The Court of Appeal decided there was nothing in the federal Bankruptcy and Insolvency Act that conflicts with the province’s construction rules, ordering that the $675,372.27 was not available for distribution creditors.

“Contractors are pretty capital-intensive enterprises,” says Scott Rollwagen, a partner at Lenczner Slaght who worked with Lerner on the case.

“They have to make promises to those lenders . . . That’s what they mean when they say to the people lower down the chain, ‘No, this money belongs to you, it doesn’t belong to the contractor for the purposes of being distributed to the creditors.’”

Another issue addressed by the court was that of “co-mingling,” says Paul Cavalluzzo, a founder of Cavalluzzo LLP in Toronto, who acted for the intervener, LIUNA Local 183.

The panel of judges wrote in the decision that it did not matter to the validity of the trust that the payments for the municipalities were not in “segregated accounts or specifically earmarked.”

“In a bankruptcy situation, if the trust funds become part of the bankrupt [company]’s assets then they are distributed to the creditors in accordance with the priorities set out in bankruptcy legislation.

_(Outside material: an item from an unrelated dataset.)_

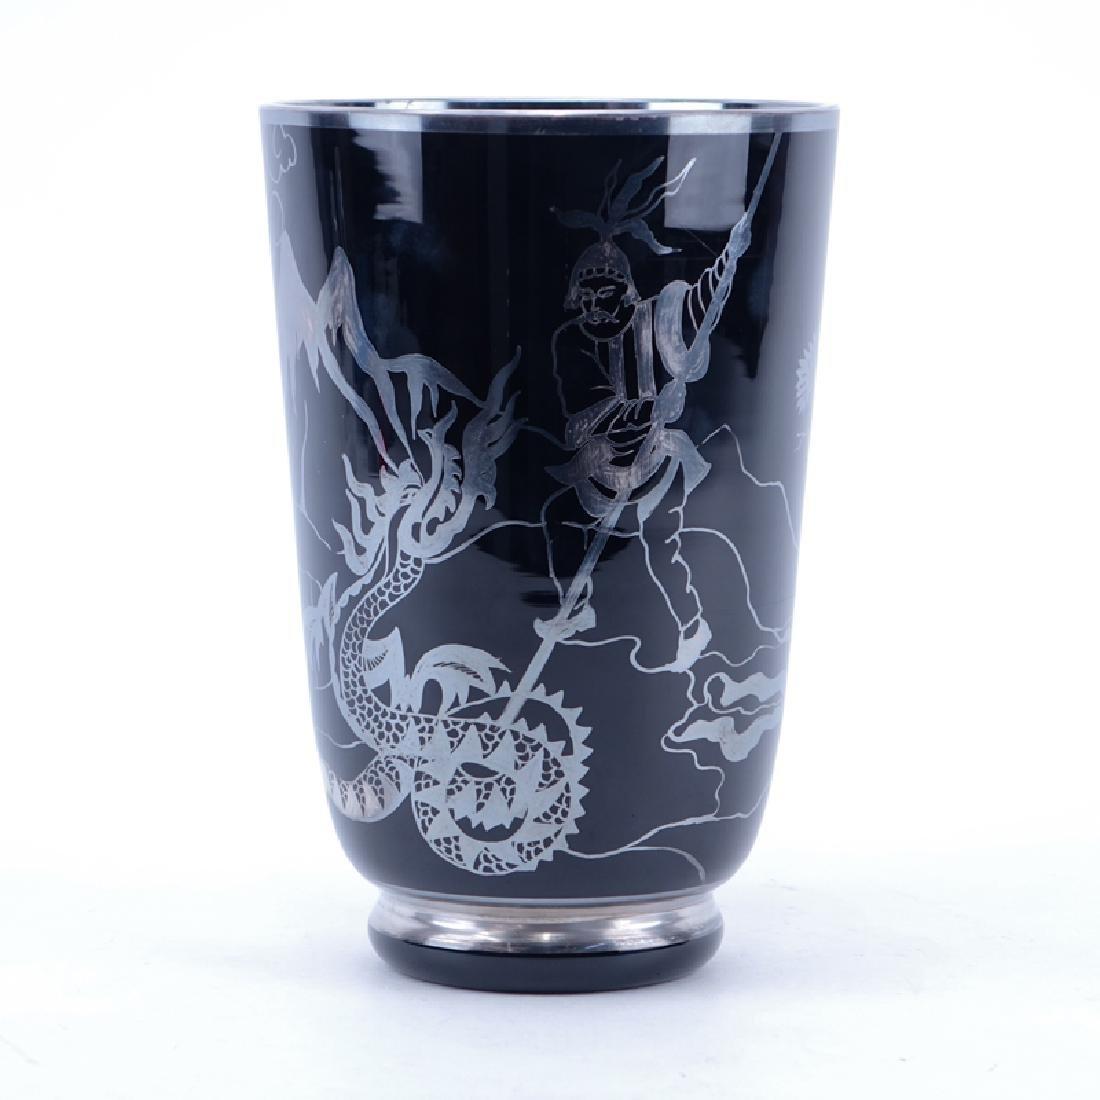 Vintage Décor Main Silver Overlay Amethyst Glass Vase

What usually happens is the banks scoop up everything and the workers are left with nothing,” says Cavalluzzo.

“There was some law in Ontario from the Ontario Superior Court that suggested when funds from different creditors of the bankrupt are co-mingled — basically, not segregated — that money’s not a valid trust, and therefore all of the trust monies would go to the bankrupt estate, to the prejudice of the workers. That line of cases has been, if not overruled, certainly it’s clarified now. So long as the funds are traceable in the bankrupt’s account, then a valid trust has been created, in favour of the workers, and those monies are protected.”

The co-mingling of the funds came to the fore as the court analysed whether A-1 Asphalt Maintenance’s statutory trust created by the Construction Lien Act met the “three certainties required for it to operate in bankruptcy,” the decision said.

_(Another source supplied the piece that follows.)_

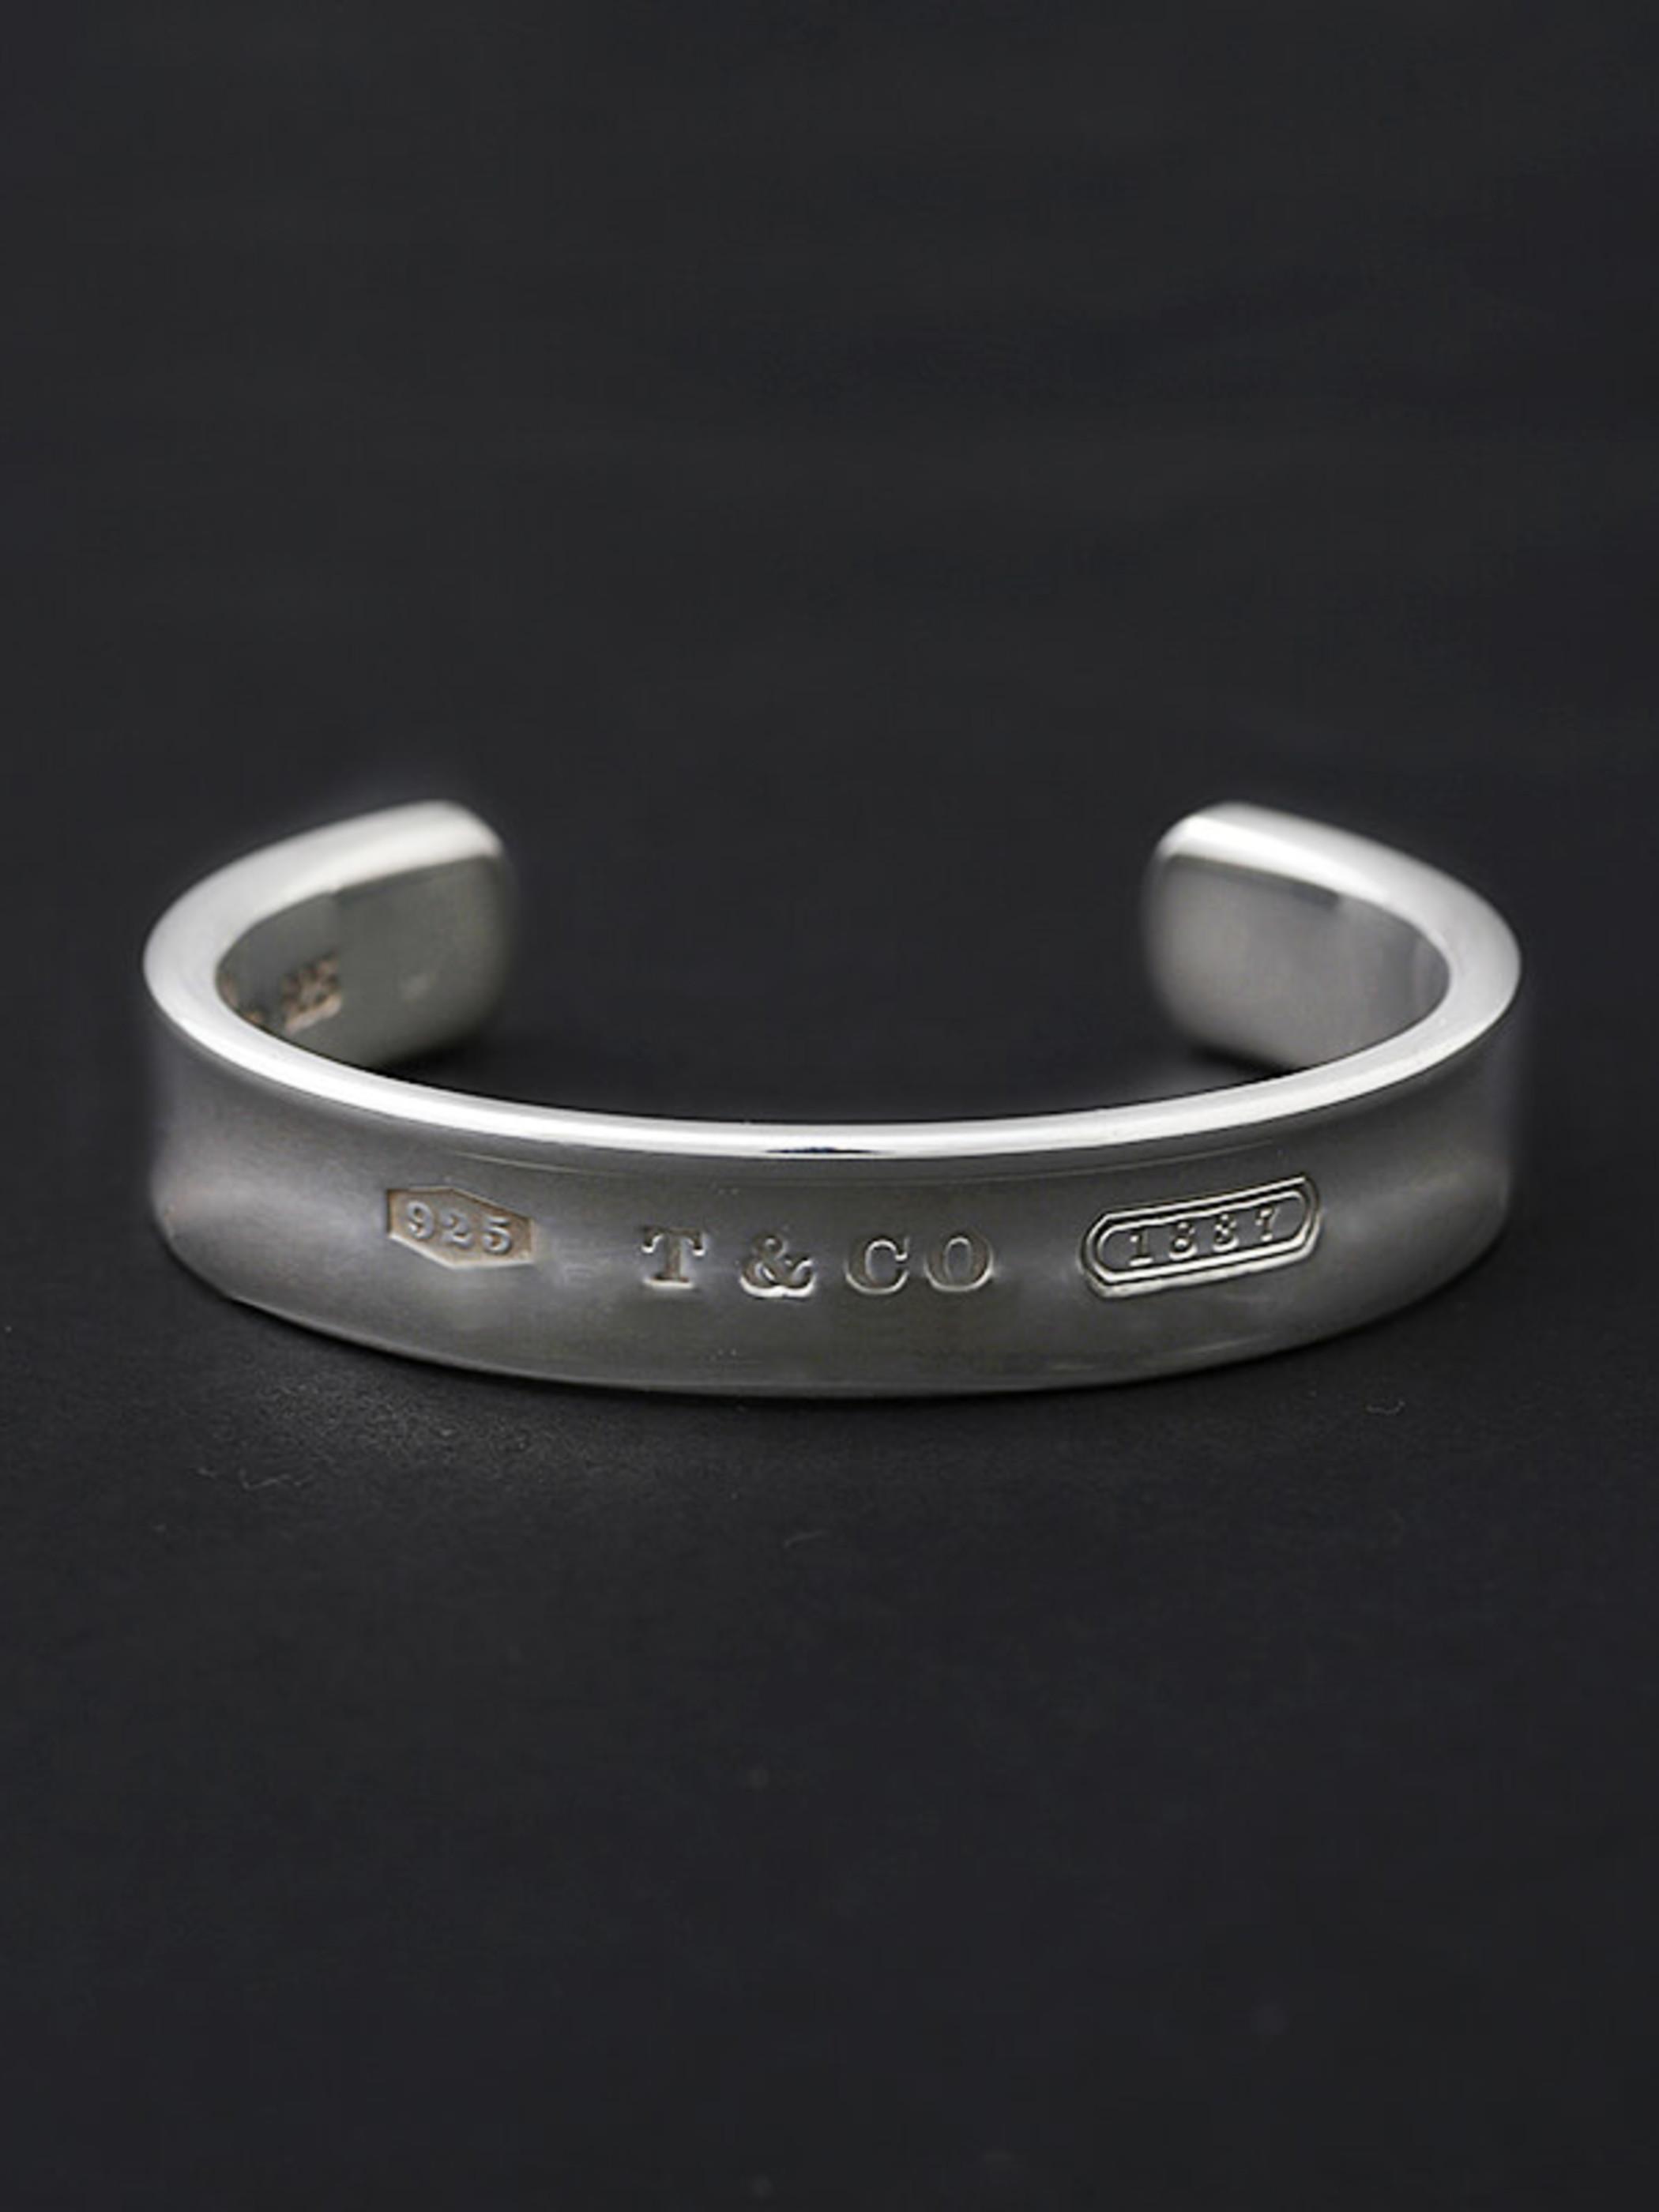 Used / Tiffany & Co. / Old Bracelet / Sterling Silver 925

In previous cases, trusts have been required to have certainty of intention, certainty of subject matter, and the certainty of objects included.

In British Columbia v. Henfrey Samson Belair Ltd., 1989 CanLII 43 (SCC), a panel of judges wrote that in most cases, “the trust property soon ceases to be identifiable.”

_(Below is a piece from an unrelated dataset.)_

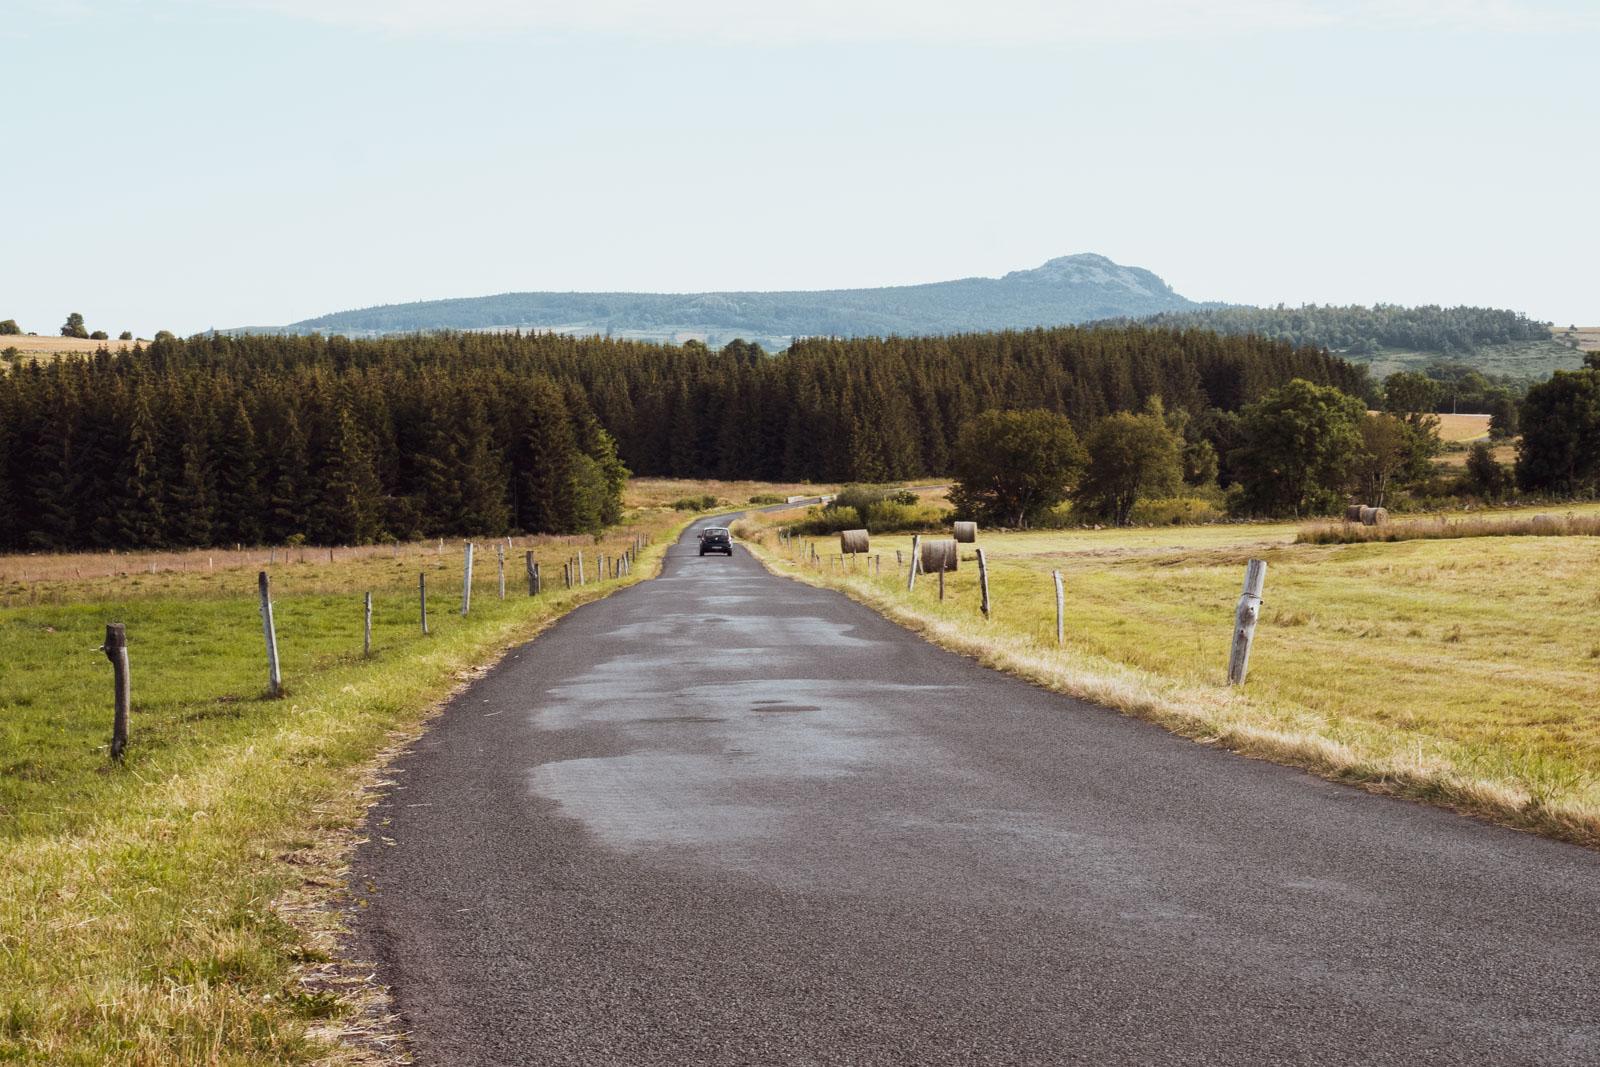 road-trip-france-inspiration

“The tax money is mingled with other money in the hands of the merchant and converted to other property so that it cannot be traced. At this point it is no longer a trust under general principles of law,” the 1989 decision said.

Raymond Slattery, managing partner at Minden Gross LLP in Toronto, says the decision shows co-mingling is not fatal so long as the monies have not been converted to another use.

“It provides some certainty in an area where there was a lot of uncertainty, because different courts in different provinces had taken different positions,” says Slattery, who acted for the receiver of A-1 Asphalt Maintenance. The receiver of the company did not take a position on the matter of The Guarantee Company of Canada v. Royal Bank of Canada, 2019 ONCA 9.

“There was some tension between the insolvency practitioners who took the view that the BIA provides a complete code of how to deal with creditors’ claims and the thinking was, ‘Why should one group of creditors, i.e., construction suppliers and workers, be treated differently from other creditors?’” says Slattery.

“Whereas the construction bar has always strongly taken the position that they are a special group, provincial legislation protects them and there’s a scheme of holdbacks and liens and trusts that protect people who provide value to property. Basically, the latter prevailed. Both schemes can live together.”

Sam Babe, a partner at Aird & Berlis LLP and one of the lawyers that represented Royal Bank of Canada, declined to comment, as the client was still reviewing the decision, which is within the leave to appeal period.

Brian Gray, a spokesman for the Ministry of the Attorney General of Ontario said in an email that the province could not comment further due to the appeal period.